Ainsi, ces trois rôles basés sur les différents modèles sont complémentaires et non-exhaustifs.

Effectivement, un même enseignant adoptera les différents rôles précités suivant le contexte relationnel, les caractéristiques des familles et leurs attentes. Si un enseignant reste figé dans un unique rôle tout le long de sa carrière, il nuira indéniablement à la collaboration avec les familles.

Aussi, le professionnel s’adapte aux familles et utilise les trois modèles pour répondre au mieux aux besoins individuels de chaque famille. D’ailleurs, son intervention est vouée à évoluer afin que les parents tendent progressivement à une autonomie. En se référant aux recherches de Thibault, Jacques et Thibault (2003), Kalubi et al. (2009) soulignent qu’« il serait essentiel d’apporter un support constant aux parents pour obtenir leur pleine collaboration » (p. 51). Néanmoins, ces auteurs ont précisé que les mesures de soutien doivent être retirées progressivement, afin que les parents puissent se sentir de plus en plus compétents et que le développement de l’autonomie familiale soit favorisé. Ces chercheurs relèvent une évolution en trois temps au cours de la relation de collaboration. Tout d’abord, l’enseignant démontre ses propres compétences. Puis, il valorise les compétences et les savoirs des parents en les impliquant dans les décisions. Enfin, il les laisse prendre des décisions et être autonomes, tout en répondant à leurs questions. Ces trois modèles dépendent des attentes du moment des parents.
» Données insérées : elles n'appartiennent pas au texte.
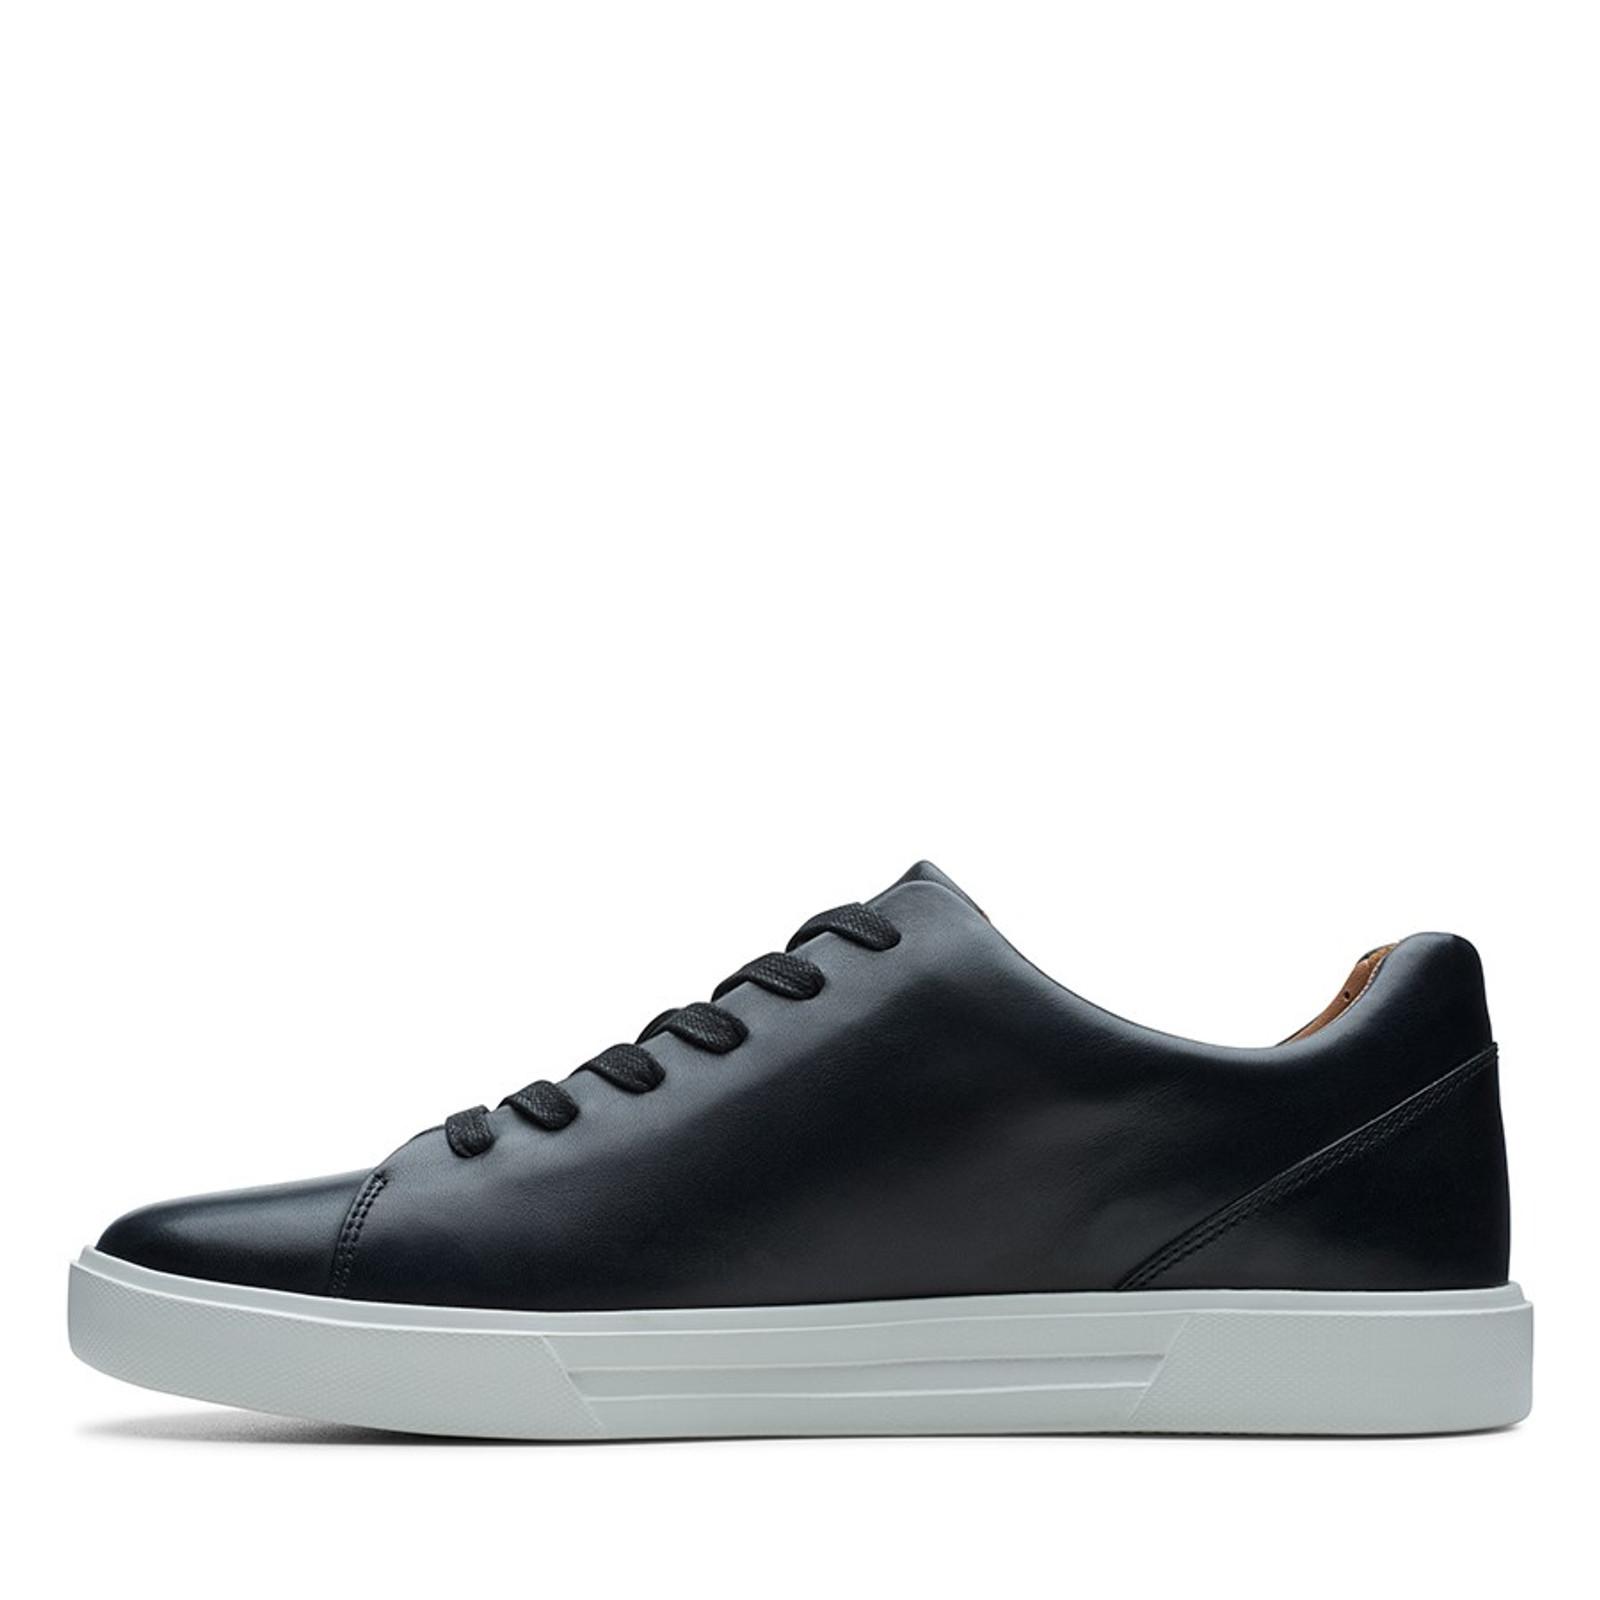 Clarks Mens UN COSTA LACE Black Leather

Ainsi, est-il possible d’établir un lien entre les différentes manières de s’impliquer des parents et les différentes manières d’orienter en tant qu’enseignant ?

Afin d’inciter les parents à s’impliquer, le professionnel doit les mettre à l’aise en créant un climat de confiance, tout en gardant une certaine distance. Voici deux éléments contribuant à une communication réussie. Trouver un bon équilibre tient plus à l’art qu’à la science, comme le dit Perrenoud (2006) : « la compétence est alors, du côté de l’enseignant, de tout faire pour ne pas mettre les parents en position de faiblesse, appliquant cette vieille maxime “Traitons-les en égaux afin qu’ils le deviennent” » (p. 113).
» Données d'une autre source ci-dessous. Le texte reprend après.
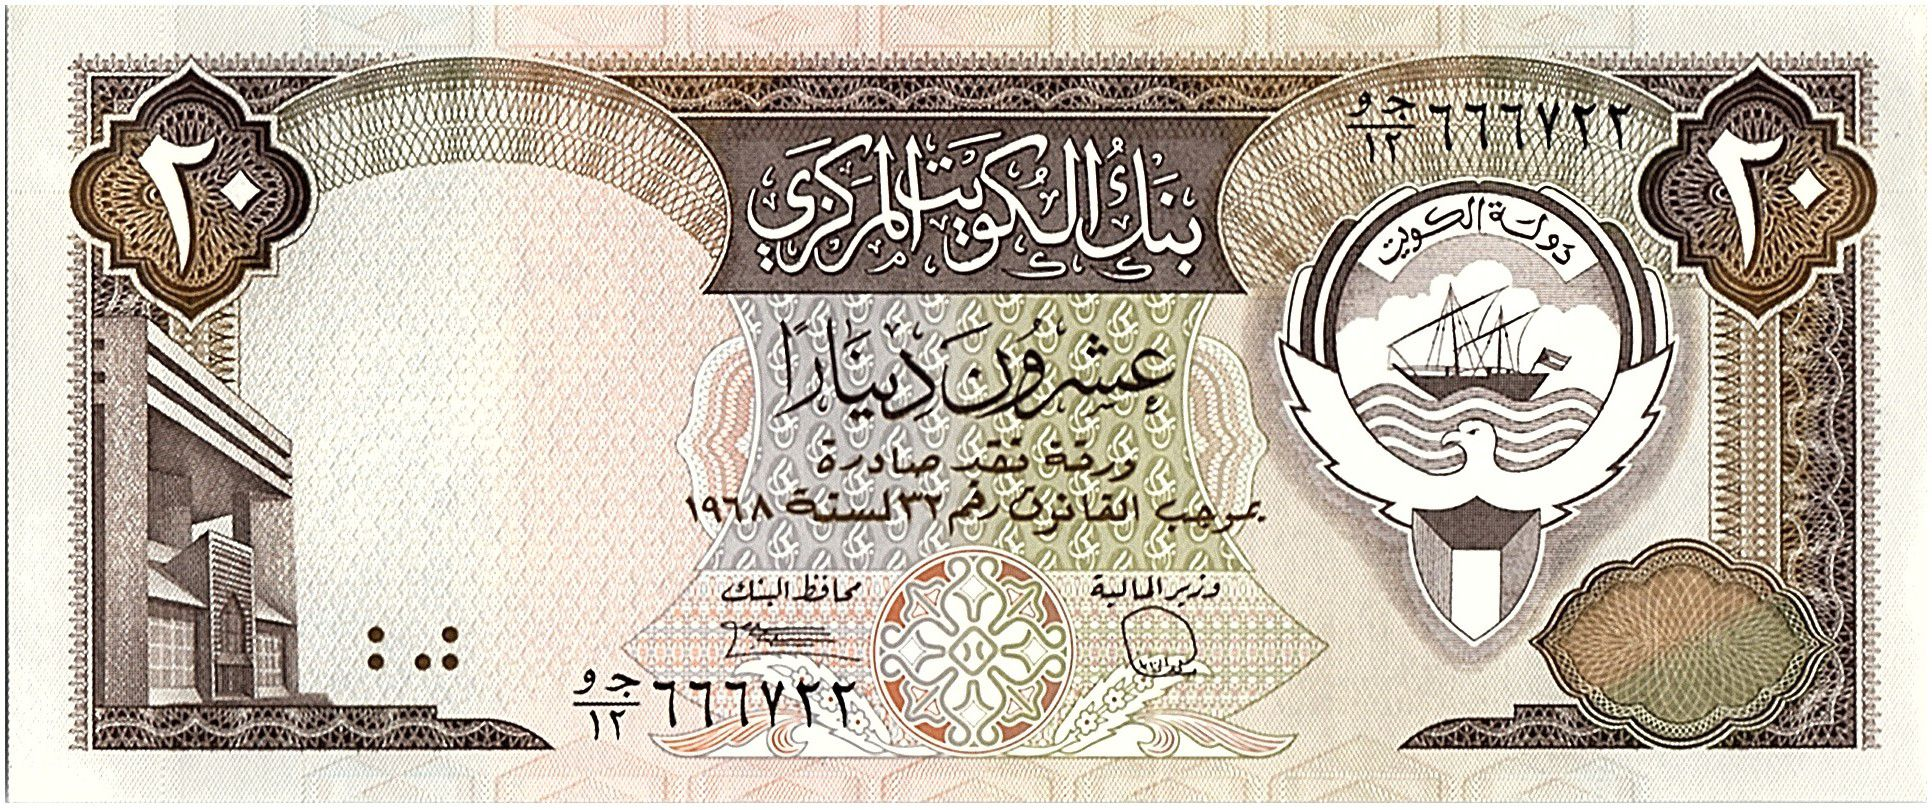 Kuwait 20 Dinars - Arms - Justice Center - 19(86-91) P.16

Selon Chatelanat (2003), un troisième acteur entre en compte dans cette collaboration enseignants-familles : la société. En effet, il est important que le droit de participation des parents soit déterminé par la législation des systèmes éducatifs, une sorte de « contrat [qui] pourrait aussi réglementer le partenariat parents-professionnels » (Chatelanat, 2003, p. 183).